Willy took my hand and together we walked toward it and I know it makes no sense, but right then, as I saw it for the very first time, it seemed to be dancing.
"Is it moving?" Willy whispered. "It sure looks like it is."
"I think it's the way they've got it lit. But you're right."
There were a bunch of others surrounding the case, kids, old folks, all kinds, and what was weird was when we looked at it, no one went away, we just kind of went to the next side, looked at the sword from there, then the third, finally the last.
A kid way smaller than Willy whispered in a French accent to a lady who I assume was his mother, "Allo, mon nom est Eenigo Mawn-taw-ya..."
"Sounds way better in English," Willy whispered and I realized something: All around the glass cage I could see children miming the sword, mouthing Morgenstern's words, and I'm not sure when the Museum put up its various exhibits—
—but what a thing it would have been if the great man himself could have seen what I was seeing now.
The next exhibit that took the Kid's head off was a mold of Fezzik's fingers. (Andre went on and on about it—he thought his were the biggest, he told me, till he saw the real thing.) Willy measured with great care. "His thumb is bigger than my whole hand," he announced. I nodded. It was.
Then a whole wall lined with Fezzik's clothes, beautifully pressed. Willy just stared up at where the giant's head would have been, shook his own head in wonder.
Buttercup's wedding dress was next, but it was hard to get up to because of all the girls who were surrounding it.
There was so much to see—an arrow pointed to another room where Count Rugen's life-sucking machine was off by itself—but I was anxious to get to the Curator—Stephen King had written him a letter about my arrival.
The Curator would let me into the place I most needed to get—the Sanctuary, it was called, and it was where Morgenstern's letters and notes were kept. It was not open to the public, scholars only, but that's what I was on this day of days.
I asked a few questions, was directed here, there, then finally we found the Curator—younger than you might think, obviously bright, and behind his eyes there was a genuine sweetness.
He was seated at his desk on the third-floor corner. Book-lined office, no surprise, and as we entered he glanced up, smiled.
"Probably you want the little boys' room," he began. "It's just one door down. Most of my visitors are interested in that."
I smiled, said who I was and that I had come all the way from America to study in the Sanctuary for a while.
"But that's not possible," the Curator replied. "It is open only for work of scholarship."
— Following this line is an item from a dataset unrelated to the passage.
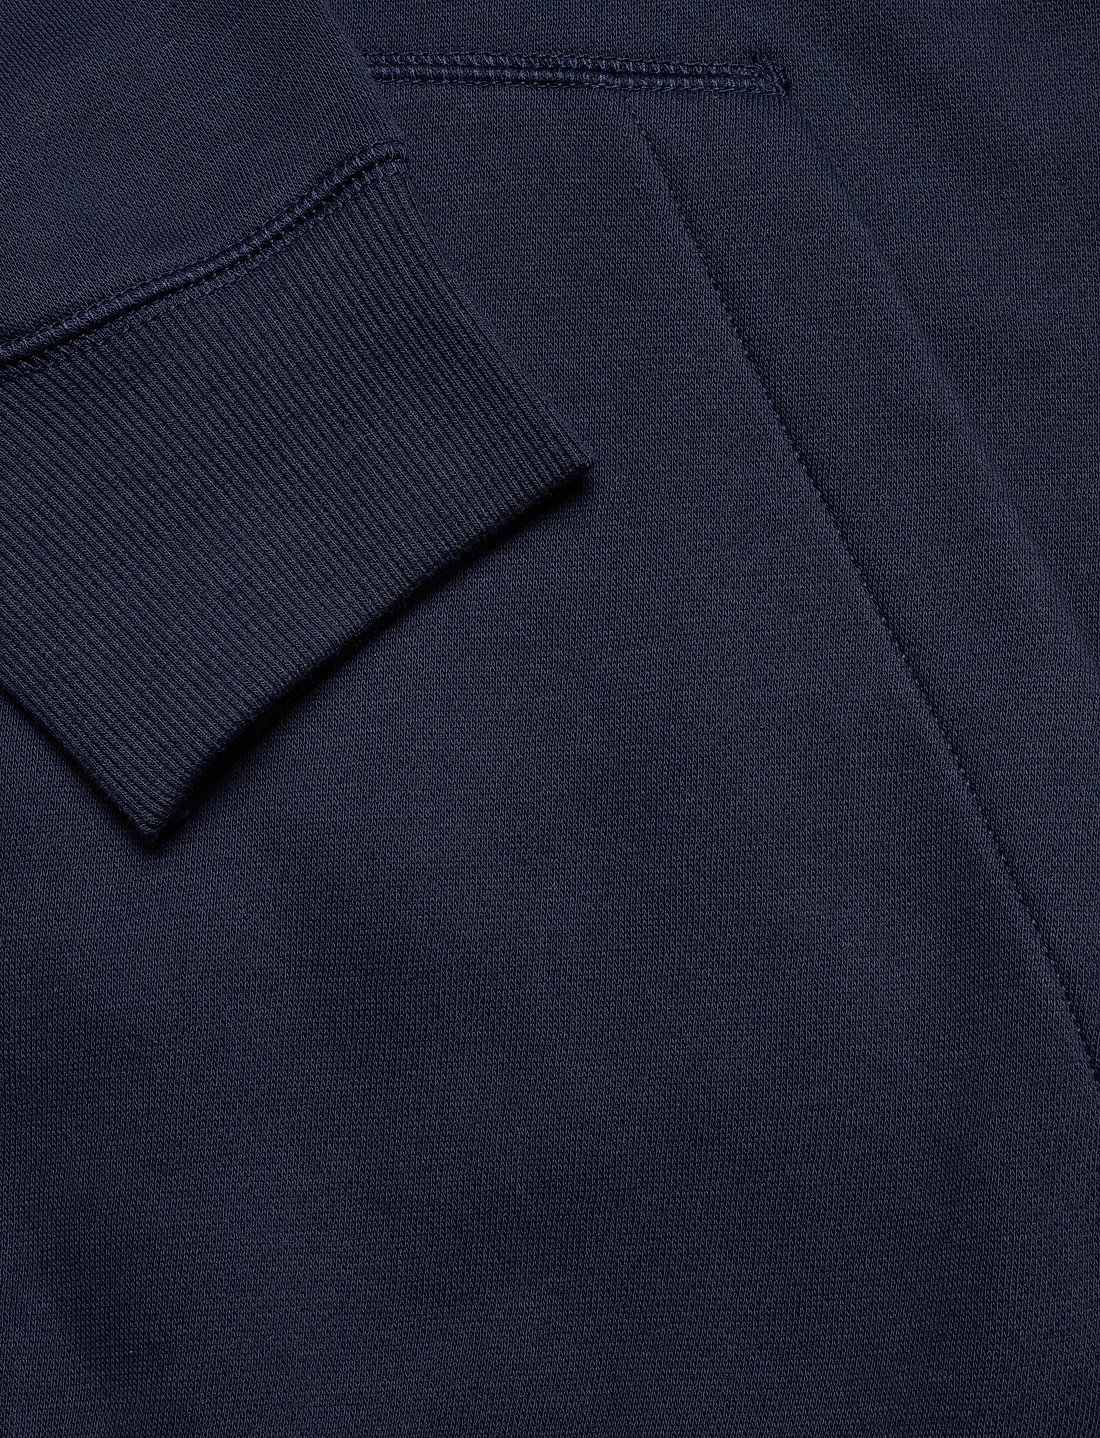 G-Star RAW Premium Core Hdd einkaufen – & Booztlet Sw – bei kapuzenpullover sweatshirts L\\s

"William Goldman," I said again. "Stephen King wrote a letter about my coming."
"Mister King is a famous descendent of my country, of that there can be no question, but there is no letter."
(You must know this about me—I can be very paranoid at moments like this. This next is true—when I was a judge at the Cannes Film Festival I was invited to a formal dinner party. It was a big deal for me, my marriage was collapsing, I was going to be alone in the world for the first time since forever, and I got to the party where everyone spoke all kinds of languages, few of them English. There were three round tables set up, fortunately with place cards and when we were told it was time to sit down, I left my place alone in the corner and went whizzing around the first table.
No place card with my name on it.
I zoom to the second table, make my circuit.
No me.
Now as I began the third and last table, my paranoia set in, because I knew there would be no place card with my name on it. I can still see myself breaking into a light sweat as I realized my name would not be there.